TASK BRIEF ▸
Nothing may be left out of the listing below but its images; repeat the rest exactly.

DATA EXCERPT ▸
--------------------
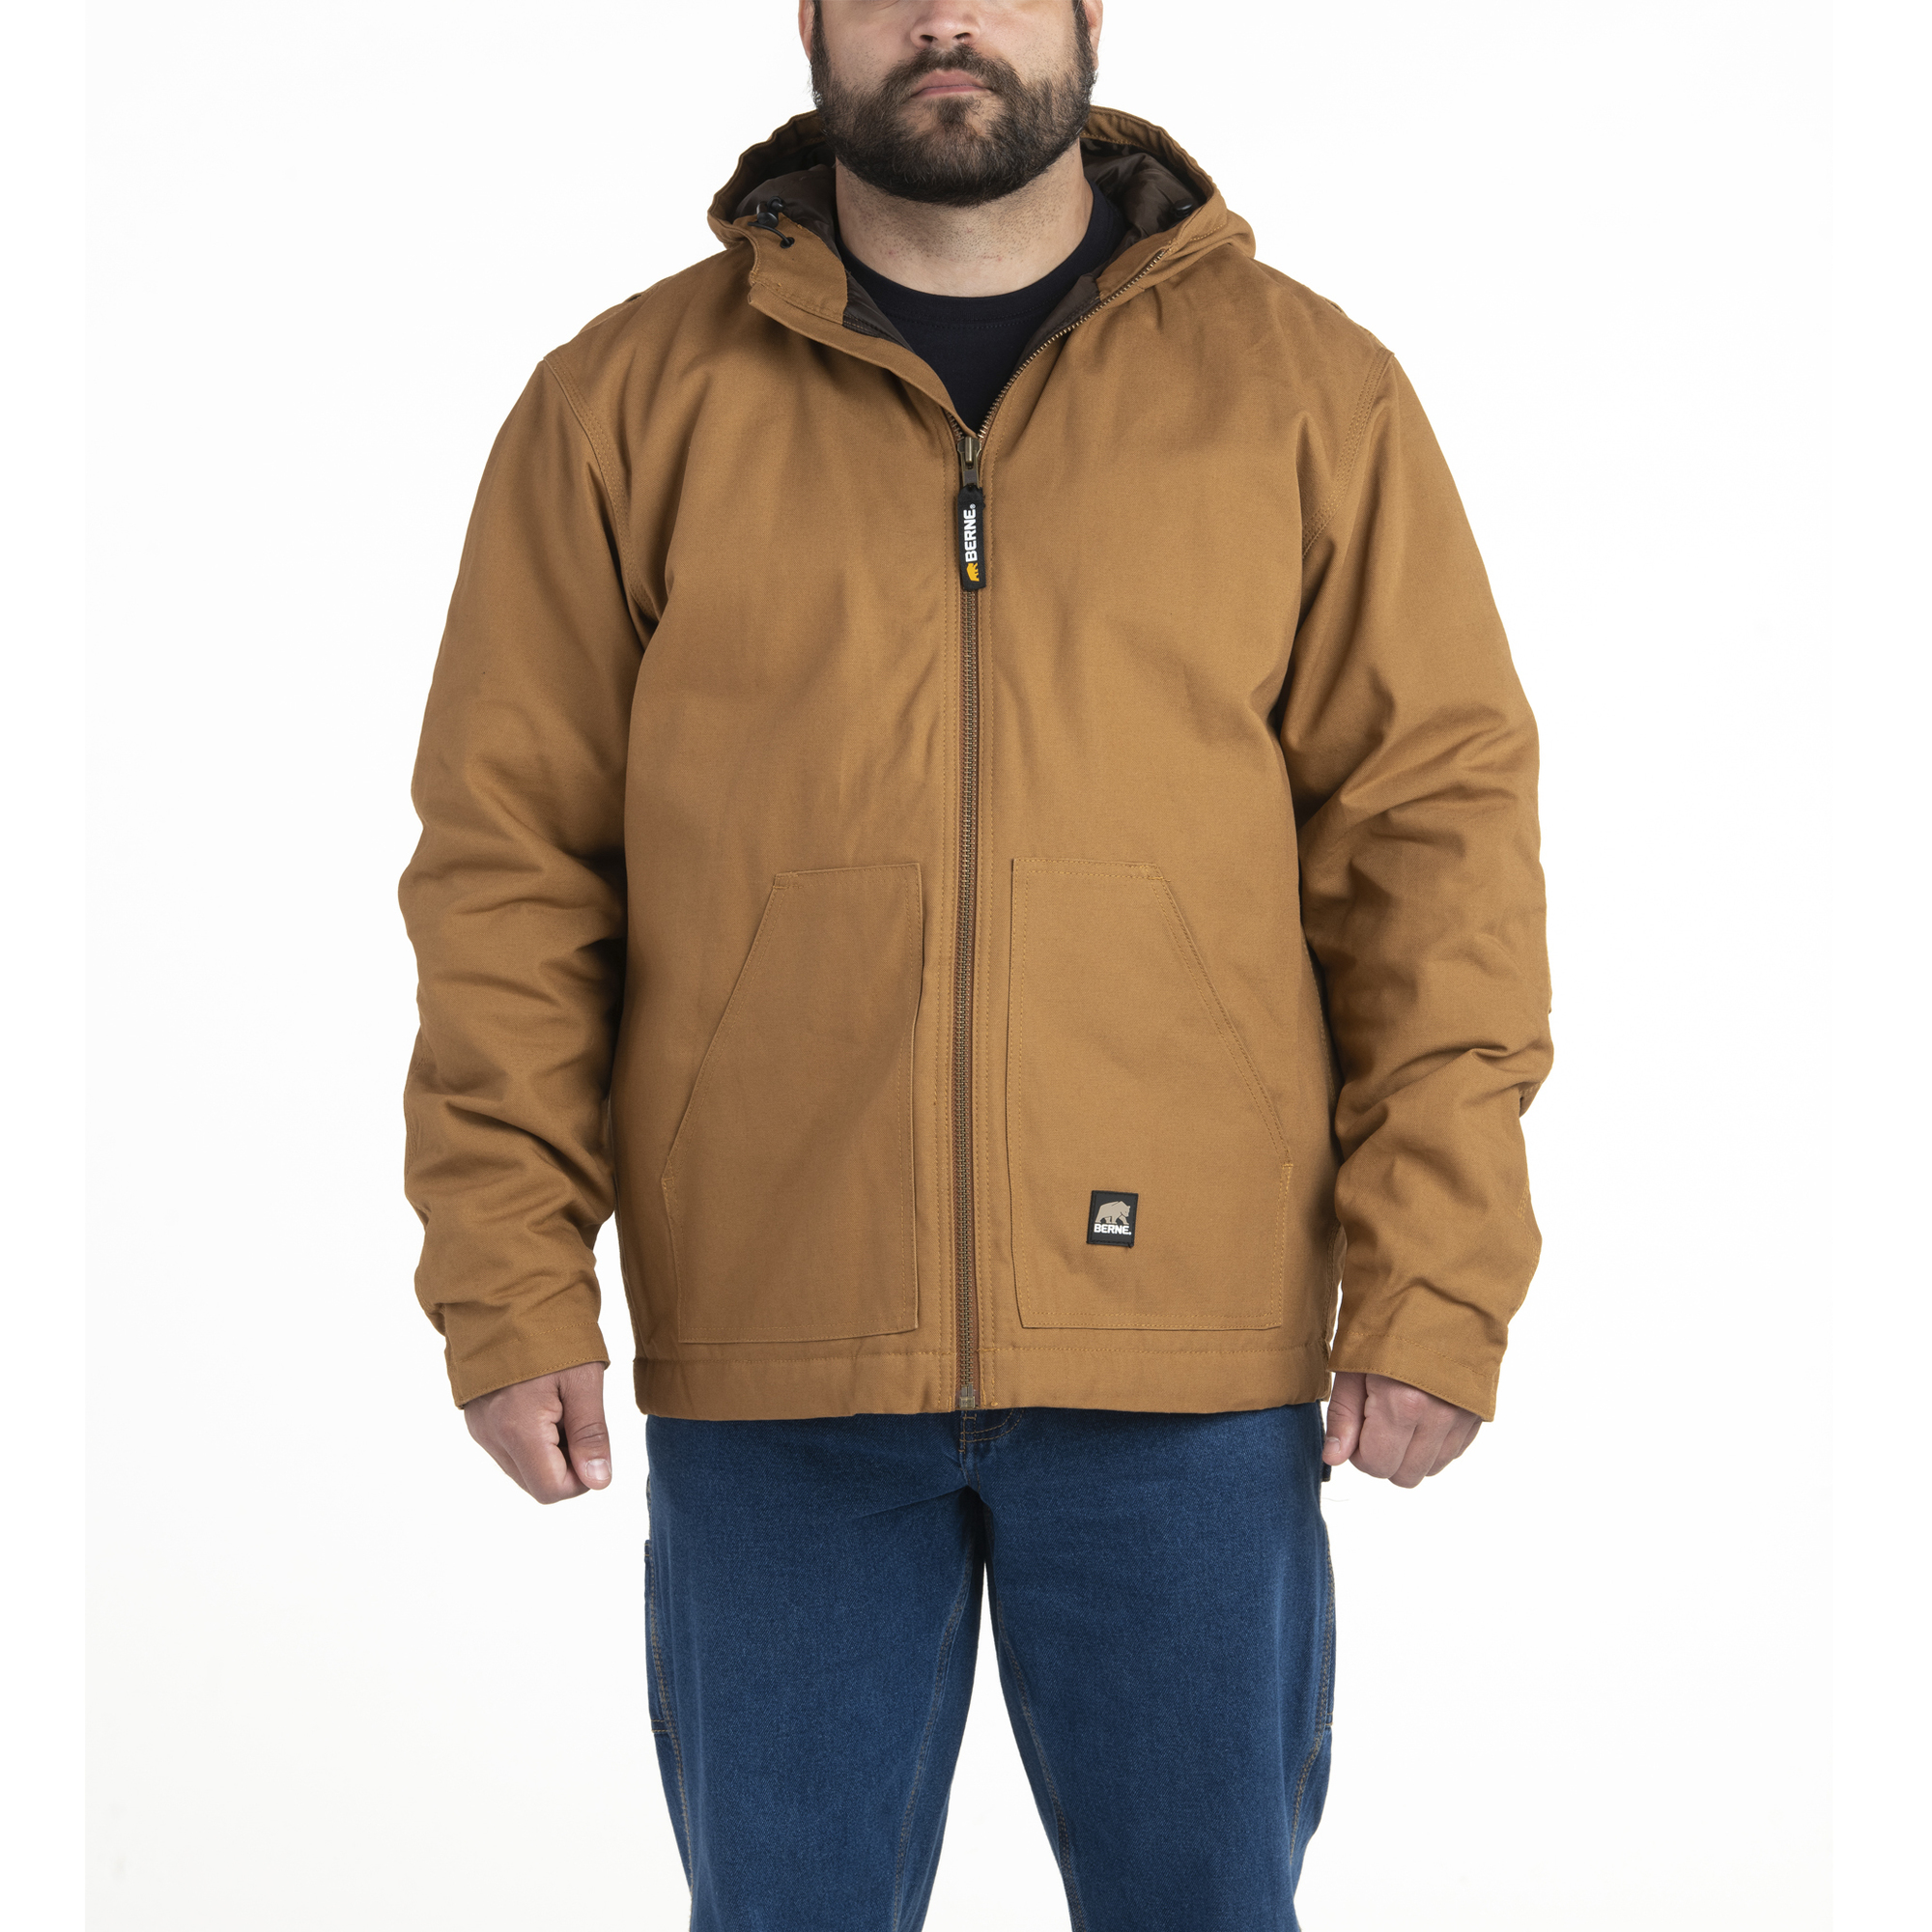 Berne Apparel, Workmans Hooded Jacket, Size 3XLT, Color Brown Duck, Model HJ65
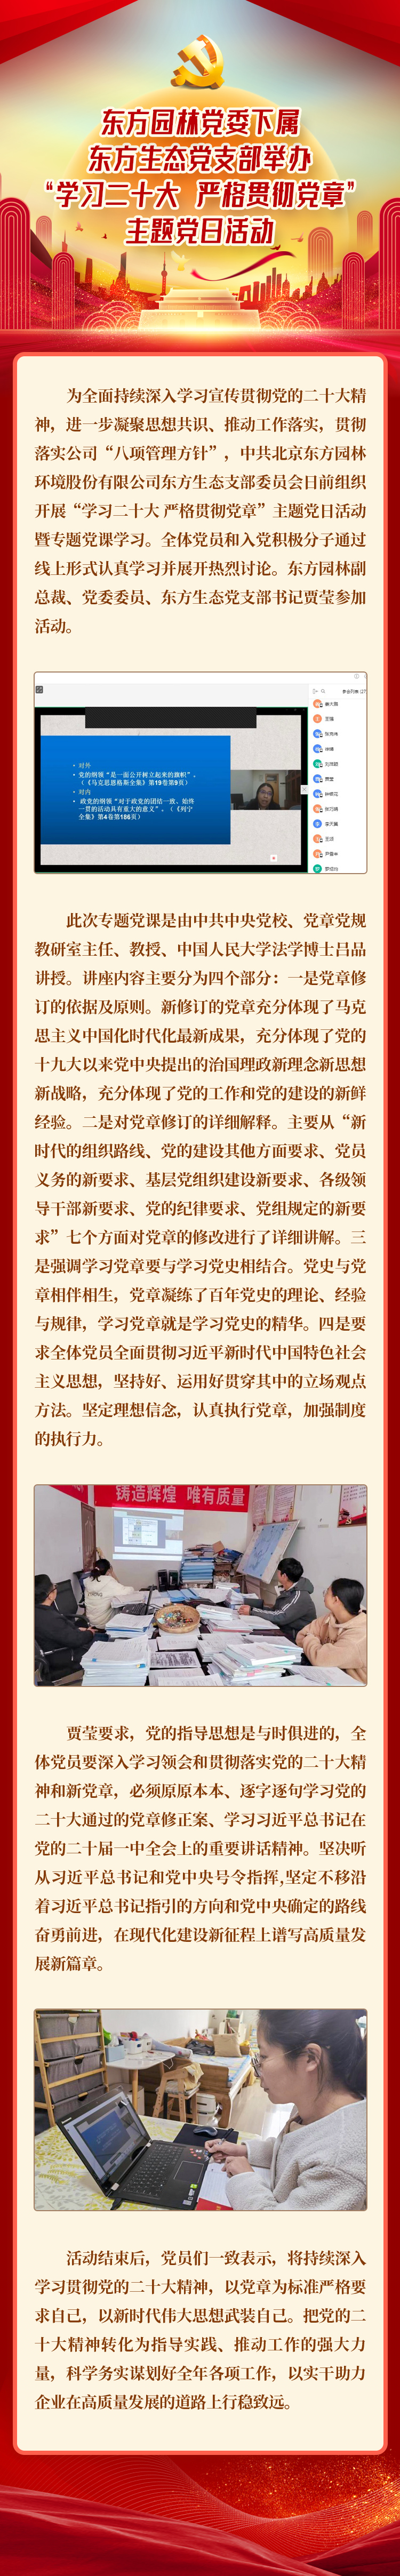 官网0112东方生态党支部主题党日党课学习活动-长图 2.jpg
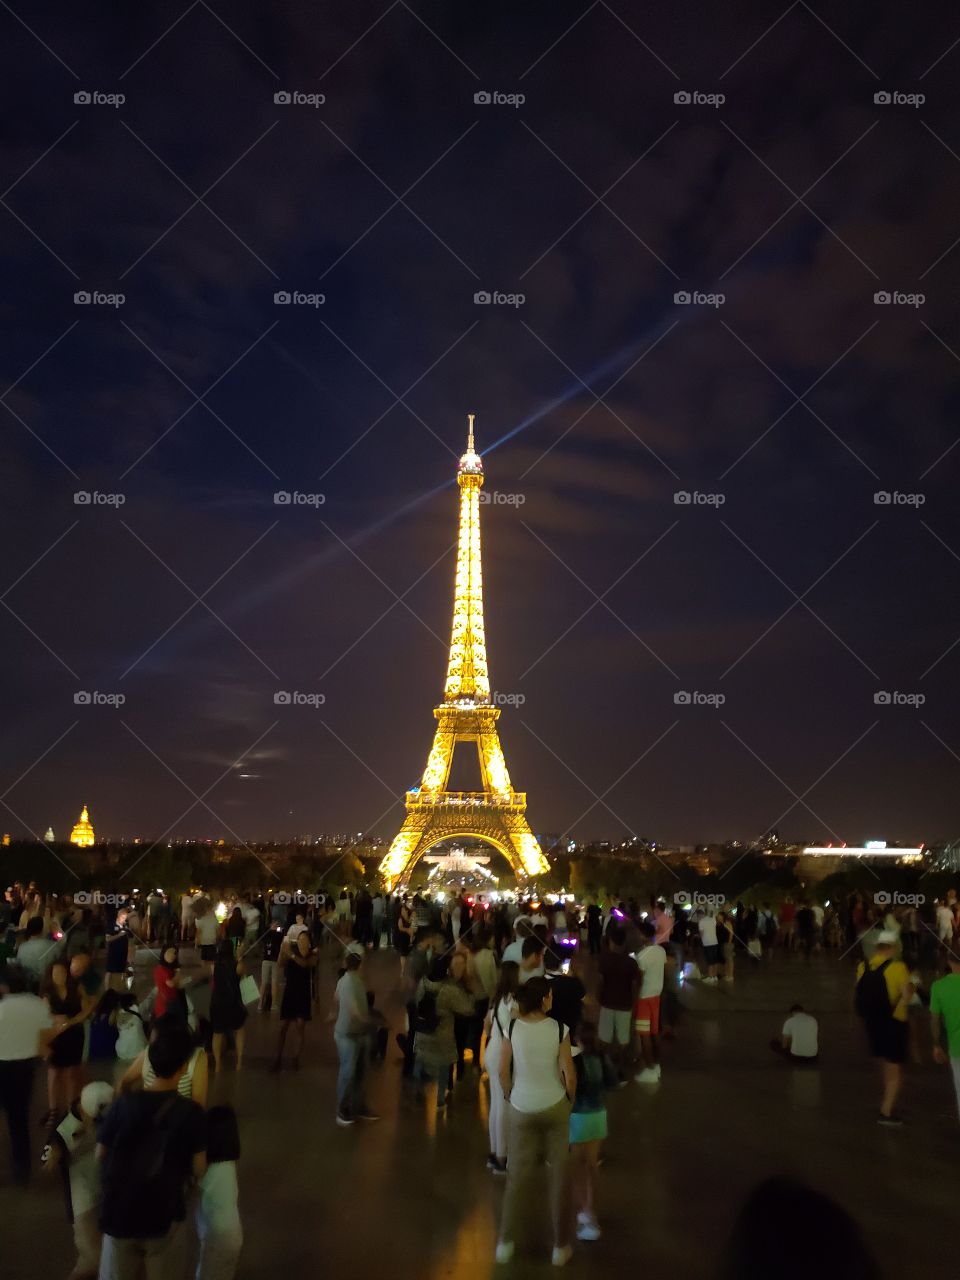 París se ilumina junto con sus importantes monumentos
--------------------
RESULT OF THIS TASK ▸
 Berne Apparel, Workmans Hooded Jacket, Size 3XLT, Color Brown Duck, Model HJ65
 官网0112东方生态党支部主题党日党课学习活动-长图 2.jpg
 París se ilumina junto con sus importantes monumentos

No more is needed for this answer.